Shares of streaming star Roku (ROKU 2.94%) surged nearly 400% from January 1 through Thanksgiving Eve -- but that's all there is to the trade, and now it's time to exit the stock.

Or so says Morgan Stanley. In a downgrade this morning, the Wall Street analyst took an ax to its rating on Roku stock (but not its price target), cutting the shares from "equal weight" to "underweight" (but raising its price target from $100 a share to $110).

Businessman stands proudly atop a stock chart as another guy with an axe chops at it.

Image source: Getty Images.

So what

Investors are panicking -- or at least taking the downgrade as a cue to collect profits -- and Roku stock is down 14.5% as of 10 a.m. EST. But should it be?

After all, Morgan Stanley was wrong on its last price target. The analyst said the stock would only go to $100, but Roku topped $164 last week. And it's not like Morgan Stanley told us anything we didn't already know:

  • Roku stock is up 400%.
  • That prices in a lot of growth.
  • If revenue slows "meaningfully" in 2020, the multiple investors will pay for Roku stock could shrink, and the stock will give up a lot of its gains.

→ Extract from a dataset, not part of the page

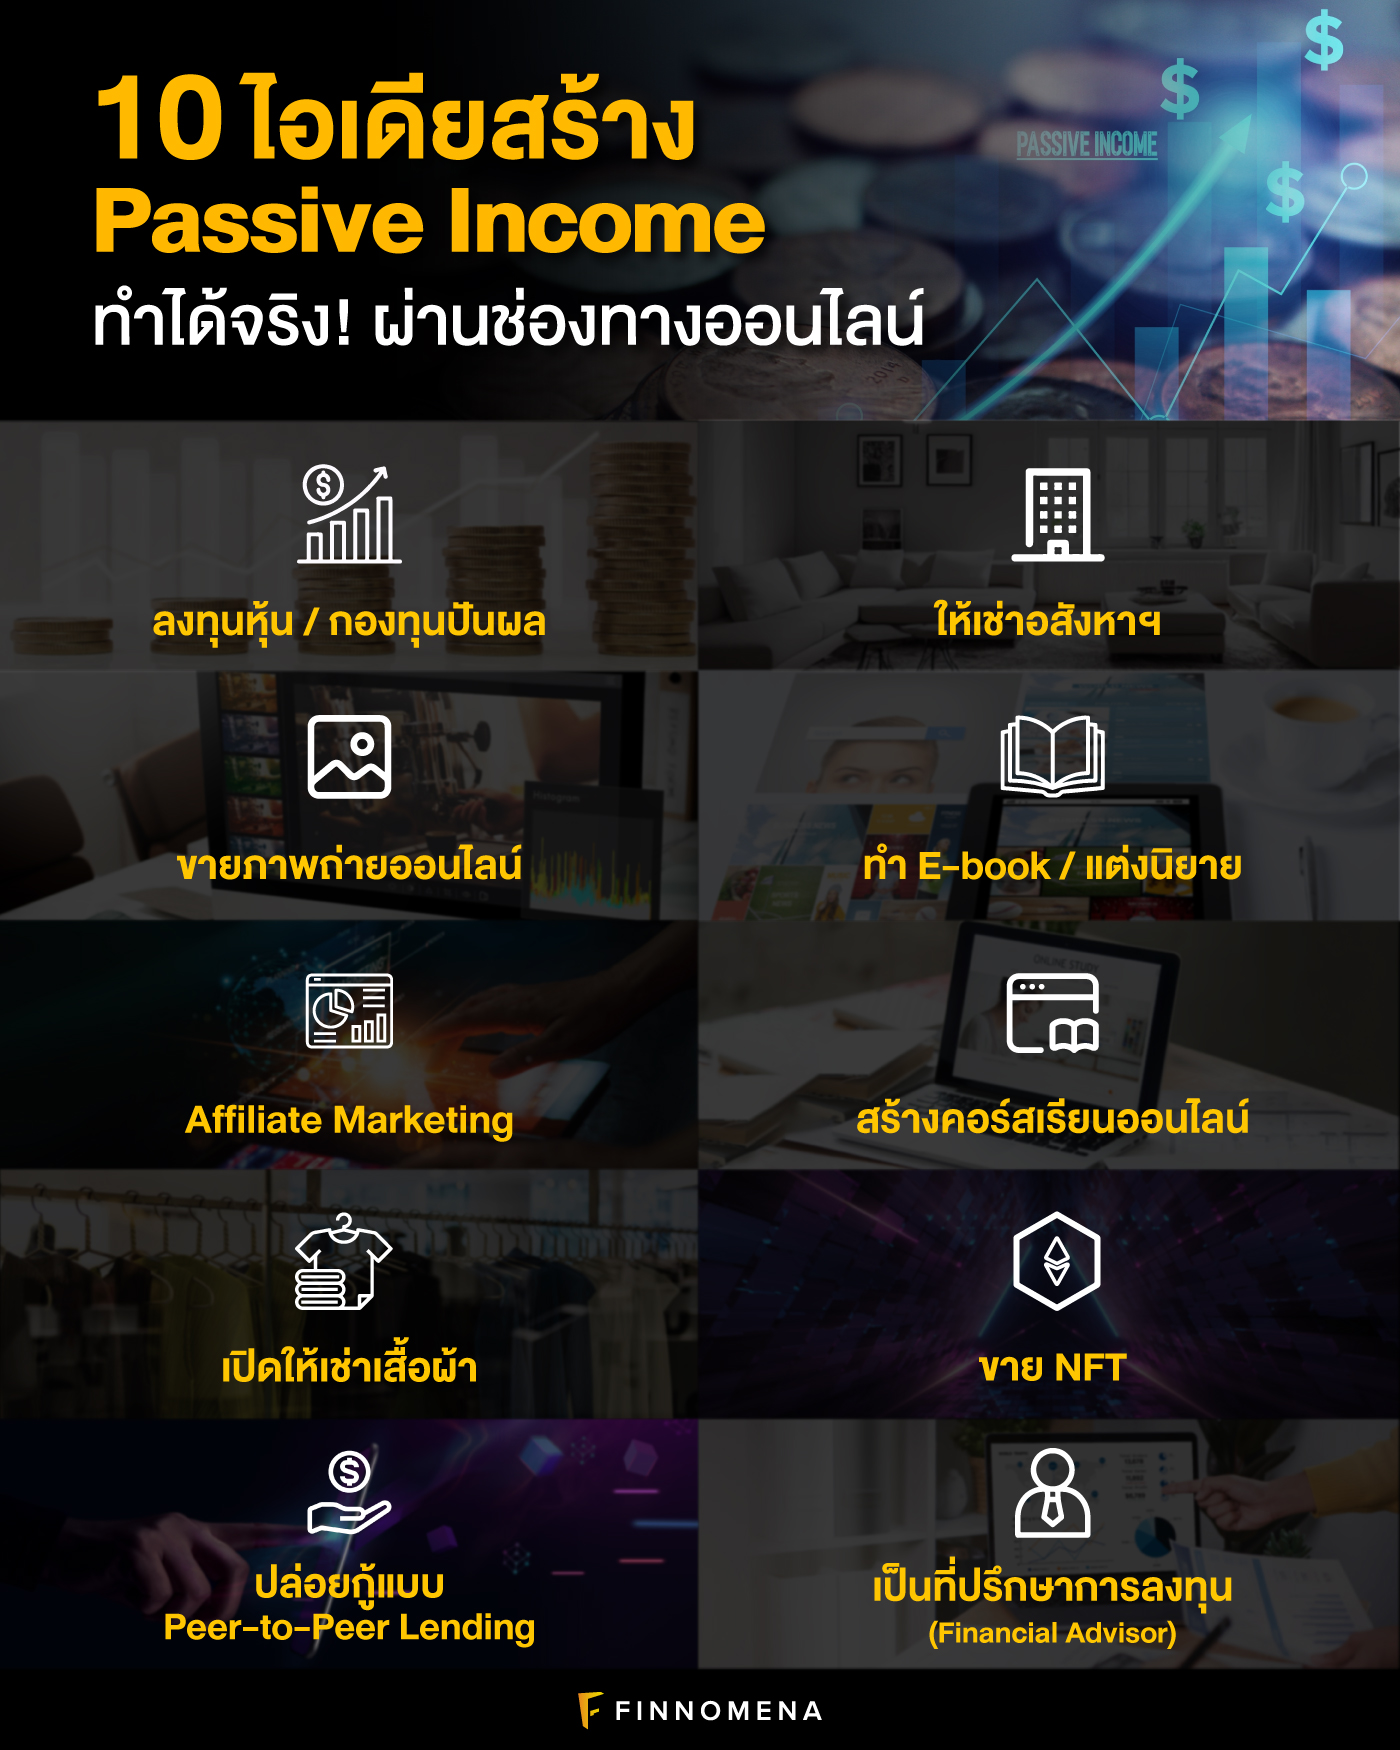 10 ไอเดียสร้าง Passive Income ทำได้จริง! ผ่านช่องทางออนไลน์

And Morgan Stanley told us some other things we knew as well:

  • Roku beat sales guidance last quarter.
  • It promised to beat guidance again in Q4.
  • Roku has a "sound strategy" to win the streaming wars.

Now what

Really, then, the only thing that has changed for Roku this morning is that one of its investors thinks a 400% profit on Roku stock is good enough, and there's no sense getting greedy. I can't really argue with that.

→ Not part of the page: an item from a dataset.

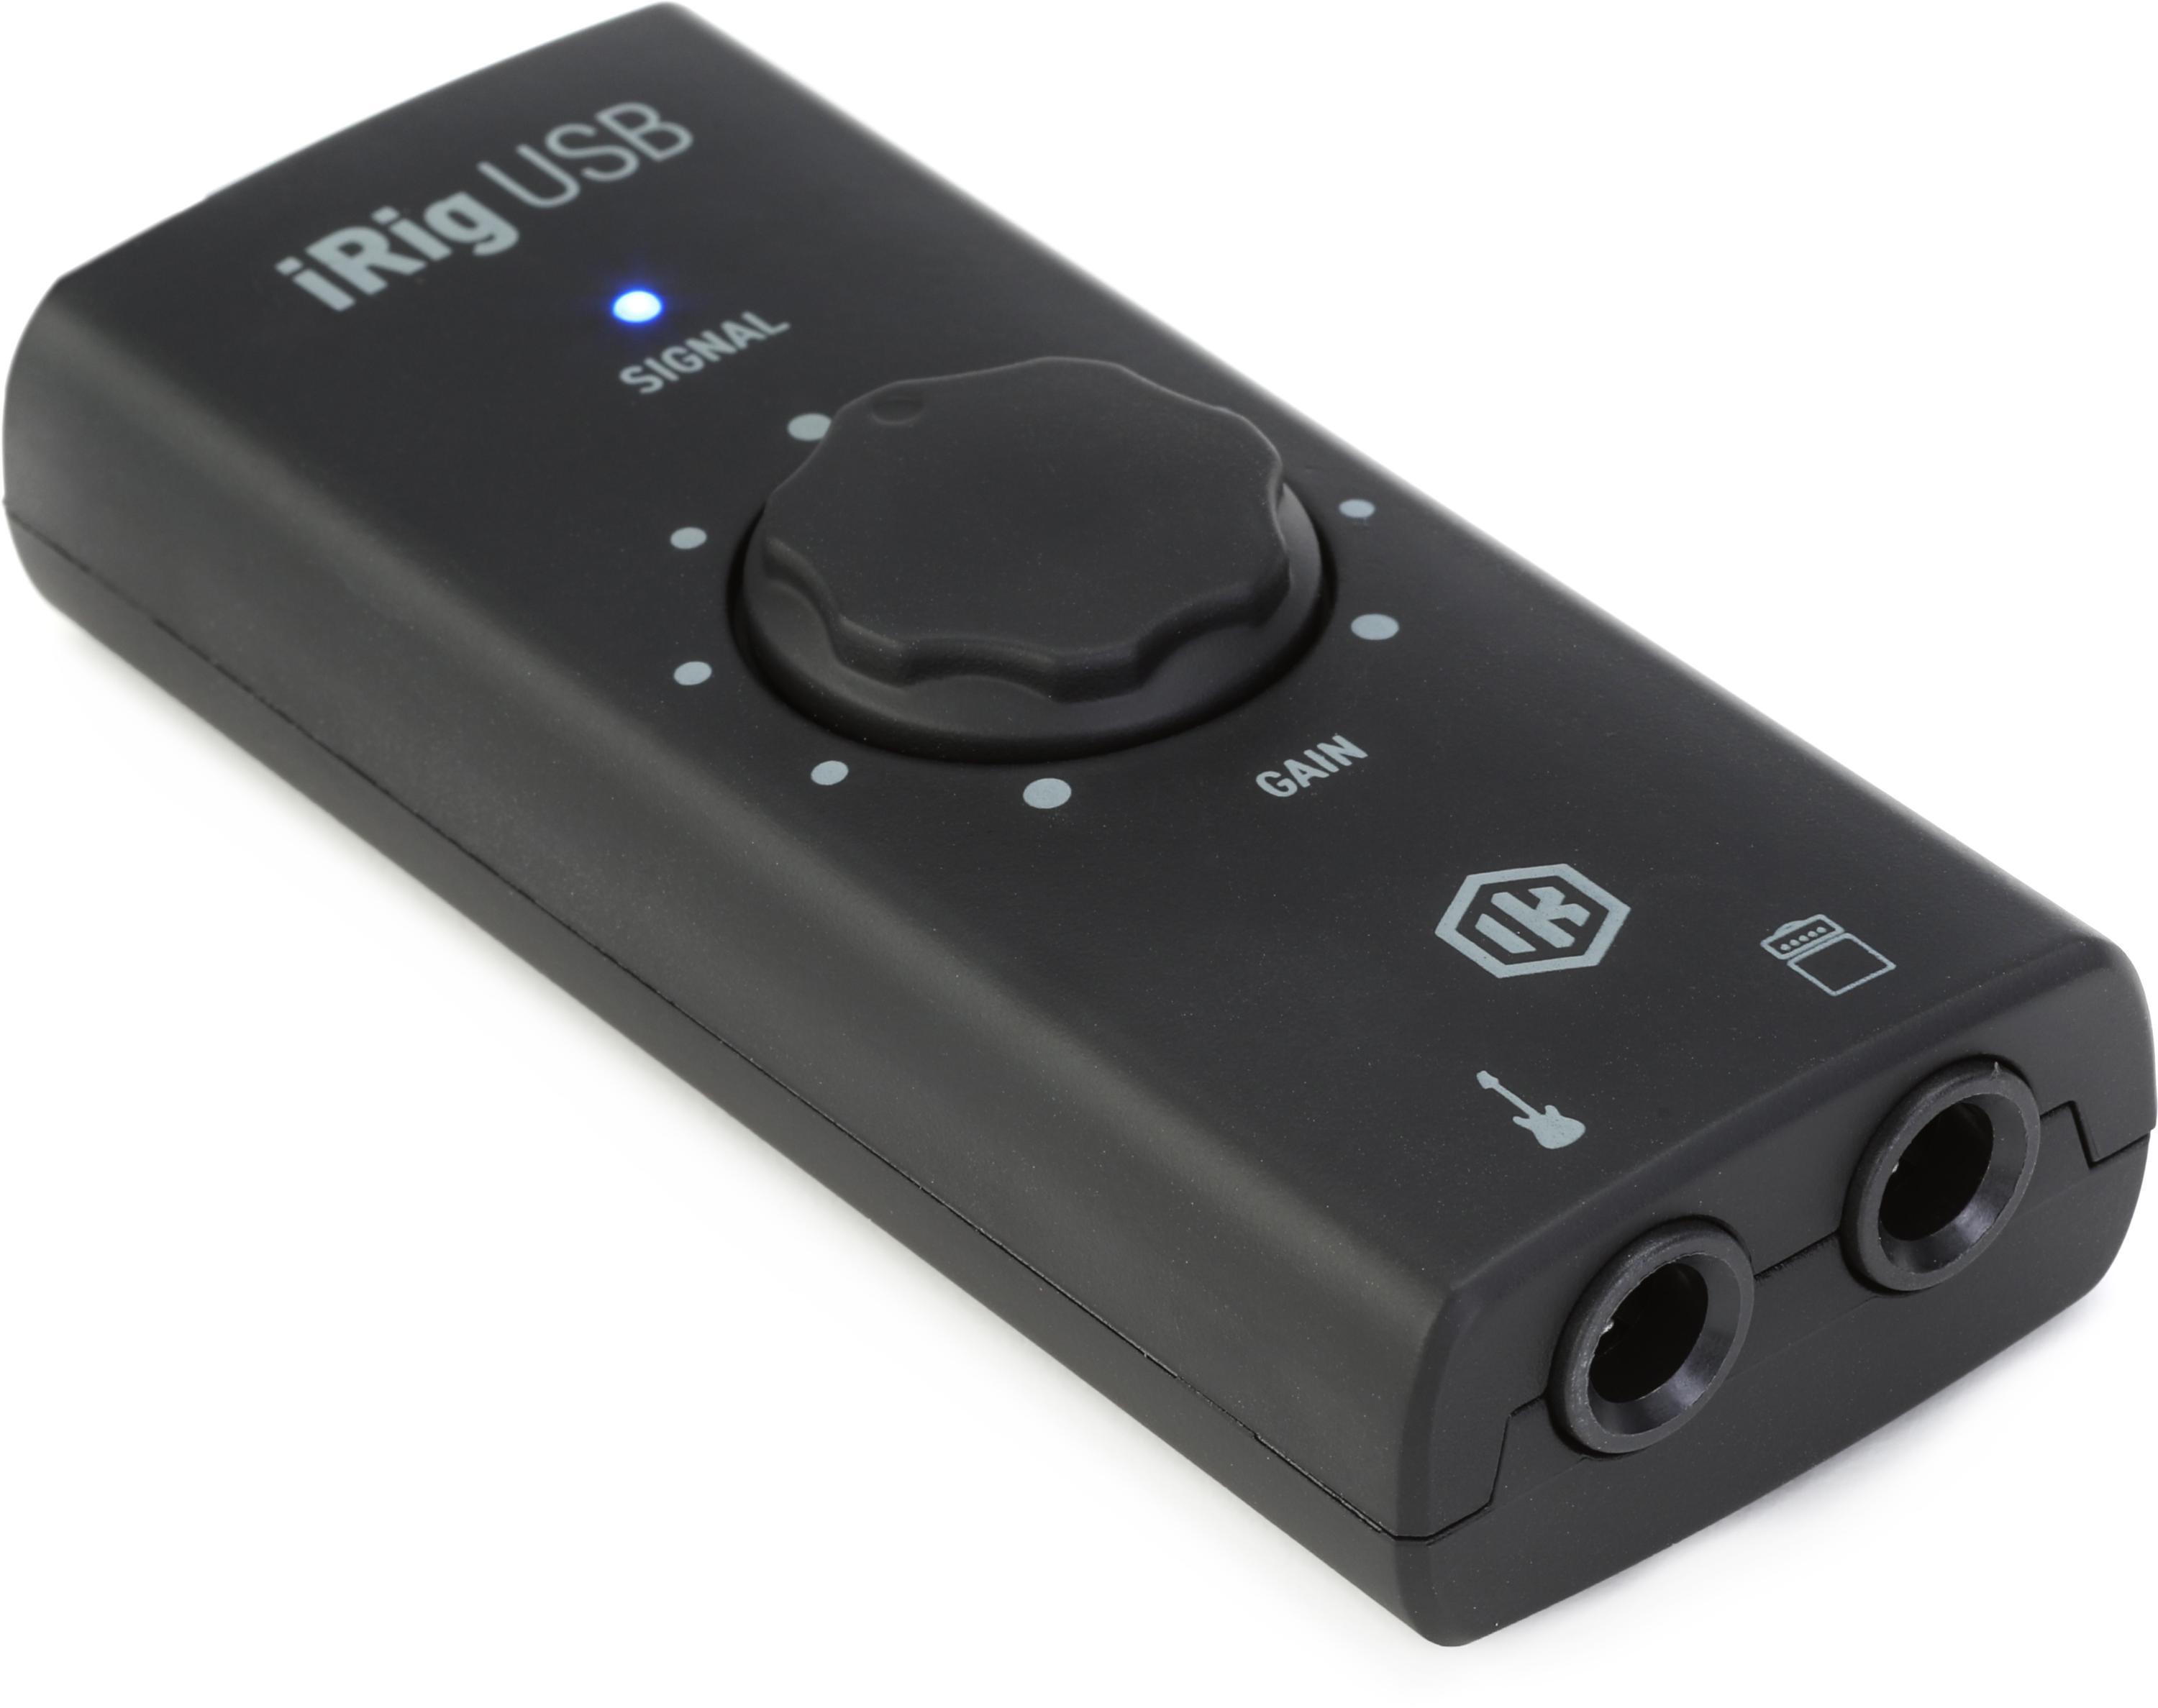 Used IK Multimedia iRig Stream USB Audio Interface

With Roku's business still unprofitable and the stock trading for more than 16 times trailing sales, Roku shares are really expensive. On the other hand, though, analysts polled by S&P Global Market Intelligence think Roku's sales could roughly triple over the next four years. And GAAP profits -- which could emerge as early as 2021 -- could increase in size by more than 10 times over the succeeding two years, growing from $0.21 per share (in 2021) to $2.31 per share (in 2023).

Morgan Stanley's exit notwithstanding, such tremendous growth might be worth waiting around for.